Our analysis confirmed a strong association between the presence of pathogenic ALPL variants and persistently low ALP levels, defined as average ALP <= 40 IU/L (OR=185.6, Fisher p-value < 2.2e-16) across two measurements. No measurements of ALP substrates such as PPi or PLP were available. However, the effect of ALPL genetic variation on average ALP levels was unequal. Fourteen c.571G>A heterozygotes had multiple ALP measurements, but only 2 of them had persistently low ALP (14.3%). Given that persistently low ALP is a hallmark of HPP, this suggests low HPP penetrance of variant c.571G>A and contradicts previously reported 50% penetrance of heterozygous hypomorphic ALPL variants (Mornet et al., 2021). Persistently low ALP was observed more frequently in individuals heterozygous for other pathogenic ALPL variants (35 of 88 cases, 39.8%). Persistently low ALP was also observed in 50 out of 16,506 individuals (0.3%) without any pathogenic ALPL variant, highlighting the potential contribution of other genetic or environmental factors in ALP levels.
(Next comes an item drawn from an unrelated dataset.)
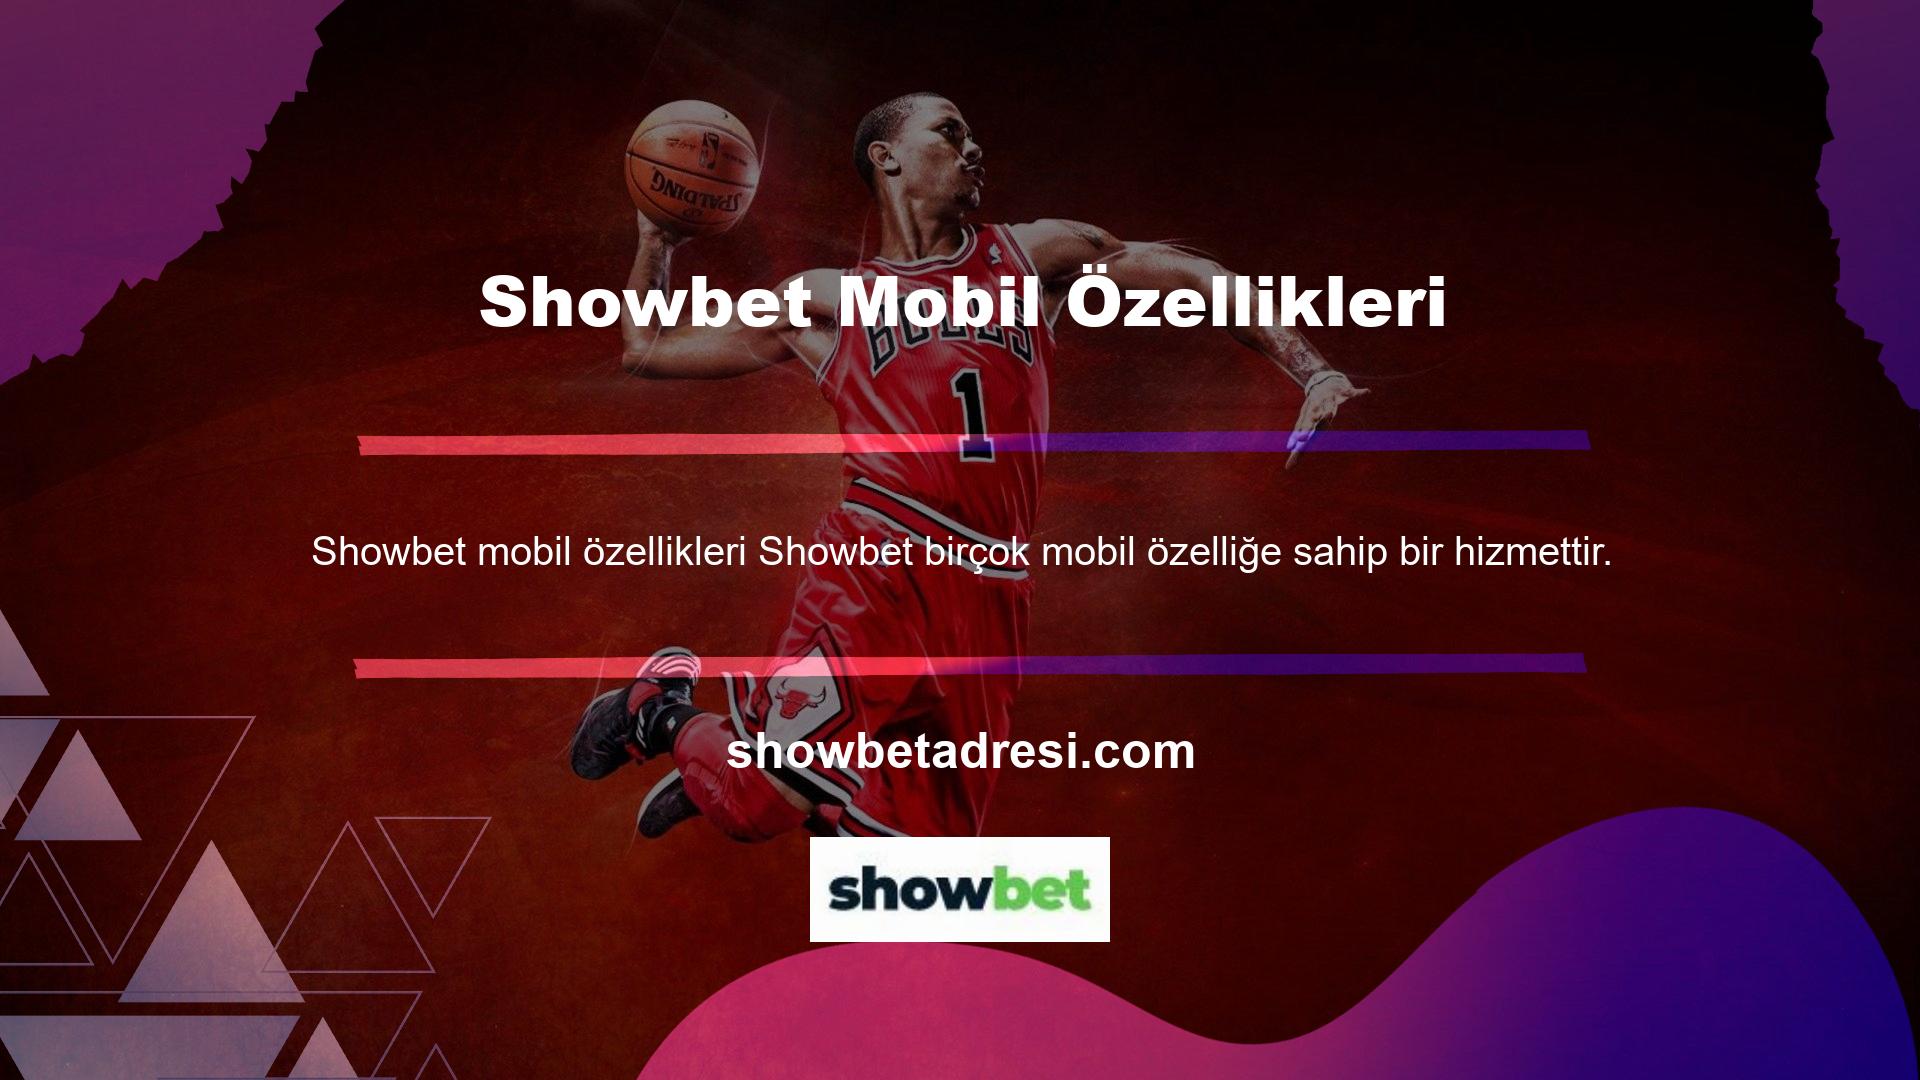 Showbet web sitesi gerekli altyapıyı sağladı ve casino tutkunlarının en büyük özlemlerinden biri olan mobil uygulamayı tanıttı

ExWAS and collapsing analyses identified 12 genome-wide significant genes beyond ALPL affecting ALP levels (p-value cutoff: 1e-8). Variants in genes GPLD1, IFITM5, APOB, PCK1 and HSPG2 were associated with a decrease in average ALP levels, while variants in ABCB11, ASGR1, EDEM1, AKAP9, SLC39A5 and B4GALNT3 were associated with increased ALP levels. These findings demonstrate that rare, high-impact variants in genes other than ALPL can bi-directionally influence ALP levels.
Conclusion:
Our UK Biobank analyses reinforce the strong association of pathogenic ALPL variants and persistently low ALP levels. However, the HPP penetrance of heterozygous hypomorphic ALPL variants, particularly c.571G>A, may be lower than previously reported. This observed lower penetrance may explain why the highly prevalent c.571G>A heterozygous genotype has low frequency in HPP patient cohorts, such as the Global HPP Registry (4.4% of subjects, Kishnani et al, 2024). Our rare variant analyses identified additional genetic contributors to ALP levels, expanding on prior common variant analyses, and underscore the polygenic nature of ALP regulation. Future studies should aim to refine HPP penetrance estimates for pathogenic ALPL variants, and to elucidate the contributions of non-ALPL variants to persistently low ALP and HPP.